# C50 and Master XL



## cazdrvr (Oct 11, 2005)

I have read a lot of reviews of the ride quality of the C50 and it sounds like a very nice ride. In light of some of the closeout specials out there for the C50, I am tempted.  Has anyone here had a chance to compare to the MXL? I know they are two different types of bikes, but just looking for honest opinions on how one would rate the feel or comfort between the two w/ similar component set-up.


----------



## ETWN Stu (Feb 15, 2007)

Both fantastic over a long distance. If you can get a great deal on one, than ride both and make your mind up from there..but I would try and keep the master xl old school and if you got the C50 use the latest and greatest groupo


----------



## tmluk (Sep 19, 2005)

I have both the Master (1990 not Masterlight 23-lb) and C50 (16-lb). Both rides very well to be honest but different.
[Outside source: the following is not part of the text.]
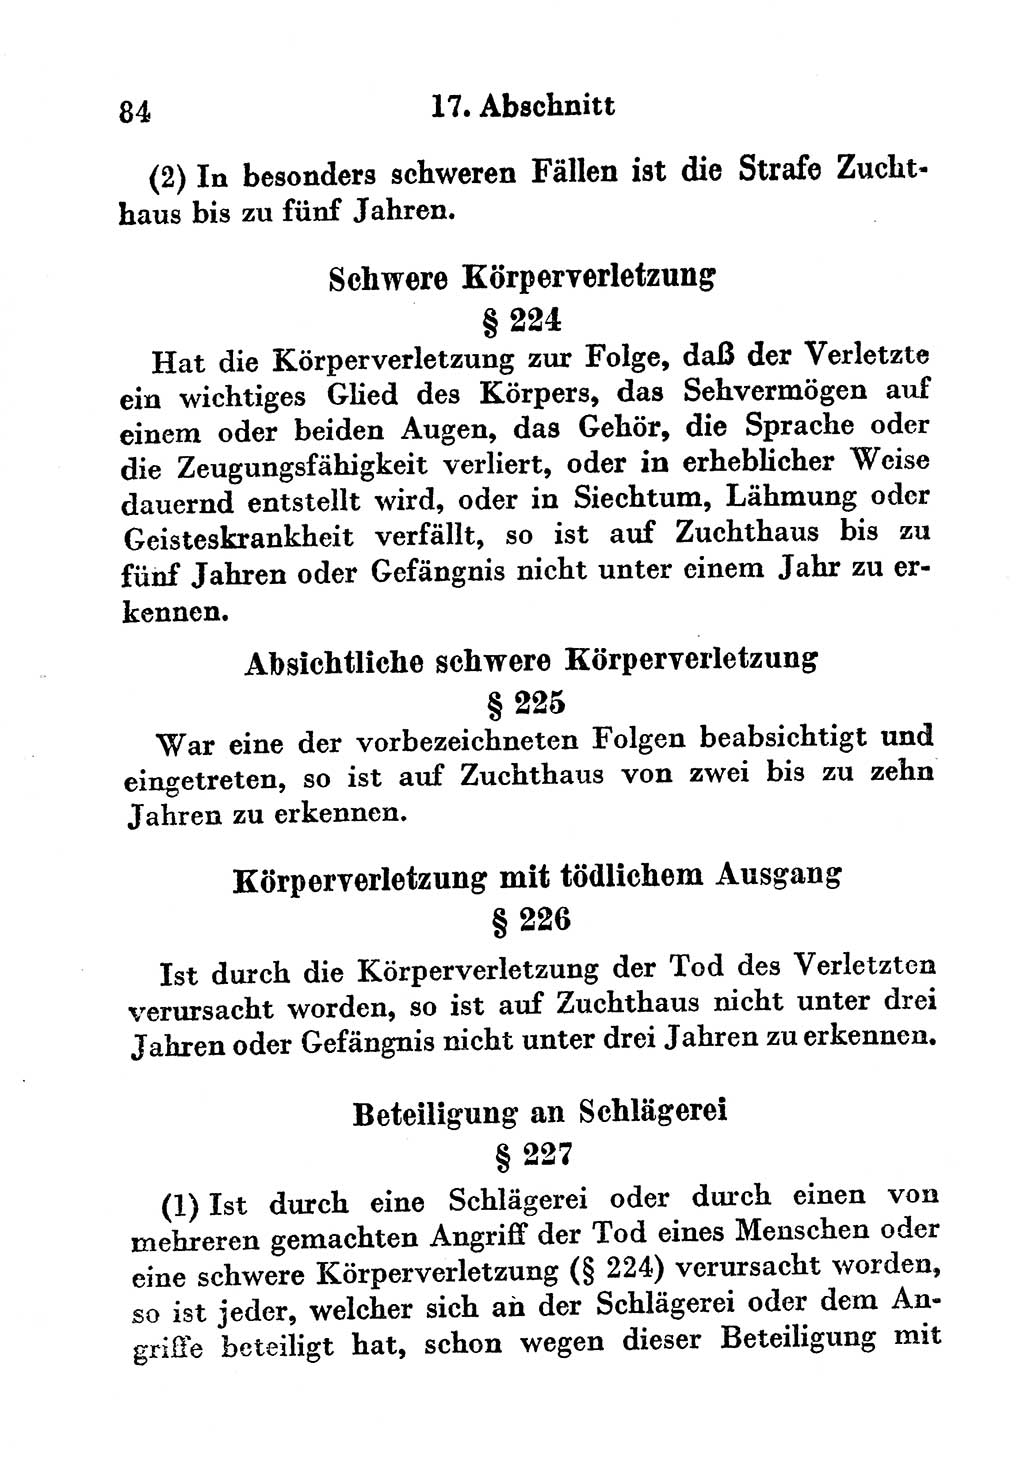 Strafgesetzbuch (StGB) und andere Strafgesetze [Deutsche Demokratische Republik (DDR)] 1956, Seite 84 (StGB Strafges. DDR 1956, S. 84)

Master obviously have the ride of a steel bike, a bit more tingling in road-feel, a bit more heavy to toss around, to accelerate and to climb, It is surprisingly comfortable, ridden back-to-back 190Km days with it, The C50 has a more damped road-feel and of course it accelerates and climbs much faster.

Mind you how a bike feels depends on a lot of variables like fit, bar/stem combo, bar tape, seatpost, saddle, wheelsets, tyres, tire pressure, on and on and on.


----------